1943年,叛徒邢仁甫和“姘头”,一张罕见的合影,镜头中的邢仁甫看起来人畜无害,实际上内心非常膨胀,他作为八路军冀鲁边区司令员,利用手中的权利腐化堕落,最后走上了叛变之路。
这张照片拍得挺有意思。两个人端端正正坐着,邢仁甫甚至还微微含着胸,眼神往镜头外瞥,活像个老实巴交的庄稼汉。可谁想得到呢,就是这副“人畜无害”的皮囊底下,藏着一颗早就烂透了的野心。那时候冀鲁边区是什么地方?那是日伪顽犬牙交错的火药桶,老百姓吃树皮、咽糠团,战士们冬天还穿着单鞋在雪地里跑。可咱们的邢大司令员呢,早就把“革命”俩字挂在裤腰带上当遮羞布了,前线战士饿着肚子,他倒好,背着组织跟所谓的“姘头”在后方小灶里推杯换盏,军需物资过他的手,先紧着自己享受,剩下的才扔给部队。
有人说他是被环境逼的,压力太大才走了歪路。这话糊弄谁呢?同期的萧华、周贯五,哪个不是从死人堆里爬出来的?人家咋没叛变?邢仁甫的问题根子上就出在“特权”俩字上。他当上司令员之后,听不进一句反对意见,开会时拍桌子骂娘,私下里把根据地当成自己的“独立王国”。最讽刺的是,他一边在台上大讲艰苦奋斗,一边偷偷把缴获的黄金首饰往自己腰包里塞。那张合影里的女人,据说原本是地方上的进步青年,可邢仁甫看上的不是她的觉悟,而是她的脸蛋和顺从。他用组织给的威信当护身符,把革命纪律当废纸,这种堕落比战场上的失败可怕一万倍,战场输了还能重新打,心烂了可就彻底没救了。

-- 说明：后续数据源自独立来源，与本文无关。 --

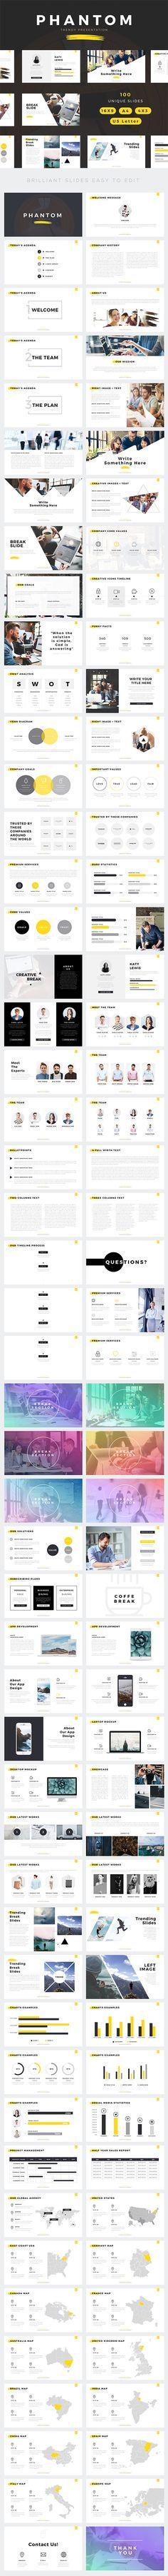 Phantom Modern Powerpoint Template. Download: https://graphicriver.net/item/phantom-modern-powerpoint-template/18705353?ref=thanhdesign

后来事情败露,他非但不认错,反而一咬牙投了日本人。这步棋走得蠢到极点。他以为带着根据地的布防图过去就能换个“皇军顾问”的头衔,可人家日本人拿他当什么?当一条咬过主人的野狗罢了。更可恨的是,他叛变后转头就带着敌人端了自个儿曾经的埋伏点,害死了好几个老战友。那些战友临死前还喊着“邢司令不可能出卖我们”,你说这人心得黑到什么份上才能干出这种事?
回过头再看这张合影,我突然觉得后背发凉。镜头定格的那个瞬间,邢仁甫心里八成还在盘算:今天吃哪条缴来的香烟,晚上跟姘头去哪间屋子逍遥。他大概觉得自己聪明绝顶,一边搂着美人,一边哄着组织,两头占便宜。可他忘了,革命队伍不是菜市场,纪律不是挂在墙上的画。他以为自己能左右逢源,实际上从腐化的那一刻起,他就已经是个死人了,不是肉体上的死,是信仰、人格、骨气全死透了。等到1949年他被公审枪决,据说枪响之前他还在喊“冤枉”,我倒想问问他:那些被你出卖的兄弟,他们冤不冤?
历史这东西从来不跟你讲情面。它会把每个人的选择摊在太阳底下,好的坏的,清白的腌臜的,一样一样给你算清楚。邢仁甫这三个字,在党史上就是个脓包,戳破了流出来的全是臭水。可偏偏这种臭水有时候能提醒我们:权力这东西,你要是不拿笼子关住它,它就能把好好一个人变成照片里那张“人畜无害”的假脸。真正的考验从来不在枪林弹雨里,而在你手握大权、无人监督的那一刻,你能不能对自己说一声“停”。